Constructing the Bioreactor:
  • Pick a container and lay out with a stir plate and clamp.
  • Locate places for the probe and air holes and drill.
  • Clean the bioreactor, set up, add stir bar.
  • Fill with reactants and record results.
Measuring the Results of Bioreactor:
  • Set up the probes inside the bioreactor.
  • Attach to a computer with Vernier Logger Pro software.
  • Choose an interval to record data and a length to run.
  • Start the software immediately after the reactants are added.
Setting up Warm and Cold Environments:
  • Warm: setup the bioreactor inside of an incubator.

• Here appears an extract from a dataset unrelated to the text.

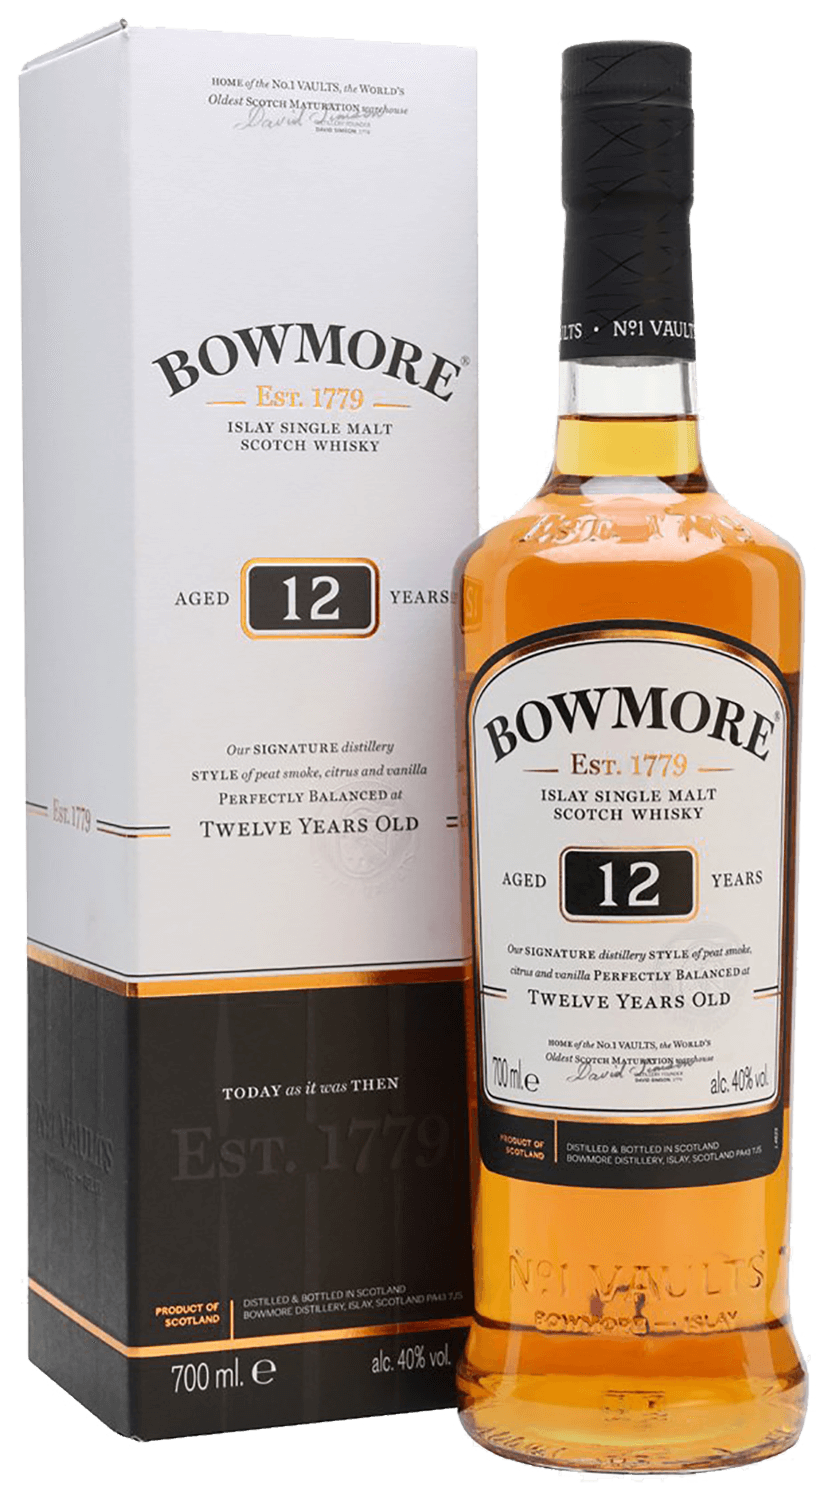 Bowmore Islay Single Malt Scotch Whisky 12 y.o. (gift box) bunnahabhain stiuireadair islay single malt scotch whisky gift box

  • Cold: setup the bioreactor inside of a refrigerator.
  • Record results as before.

Introduction

Hydraulic fracturing, or fracking, is the extraction of shale gas from below the ground. The extraction of shale gas has many potential economic benefits as a source of fossil fuel, and has provided many new jobs to the Western Pennsylvania region. There are environmental risks involved in fracturing, including the pollution of water and air. One product that poses a risk is BTEX, a combination of chemicals found in flowback fluid. These chemicals share the shape of the benzene ring, making them nonpolar, volatile, and aromatic. The bonds in the aromatic ring structure create strength, making it difficult to break apart the molecule. Soil containing these compounds is often contaminated, causing concern in areas where fracturing takes place. Only 0.56 of a gram of Toluene, the “T” in BTEX, is soluble in one liter of water. It is toxic to humans and other mammals and is lethal to fish. It is commonly used as an industrial solvent, extraction agent, and synthetic medium to produce high-order aromatics.
            Bacteria are asexual, sometimes rapidly growing organisms. Both archaebacteria and eubacteria have a rod-like structure. Obligate aerobes respire with oxygen while facultative anaerobes respire in the presence of oxygen and obligate anaerobes cannot respire with oxygen at all. Pseudomonas putida is a rod-shaped bacterium with flagella that is gram negative and generally non-pathogenic. The F1 strain is able to break the aromatic ring in toluene and ethylbenzene and turn them into less harmful compounds. There are several methods of obtaining the bacteria: to buy the F1 strain of P. Putida directly and cultivate it; to buy a general culture of P. Putida and expose it to increasing concentrations of toluene to produce only bacteria that will digest toluene; and to retrieve a soil sample, extract any bacteria through filtration or centrifugation, and repeat the exposure procedure. To cause P. putida to metabolize, bacteria were cultured using agar plates and nutrient broth tubes. Colonies of P. putida were sustained and further, manipulated by the addition of toluene (BTEX). In the bottled bioreactors, yeast was used to stimulate the bioreactor process combined with glucose, ammonium sulfate, potassium phosphate monobasic, magnesium sulfate heptahydrate, and calcium chlorate dehydrate.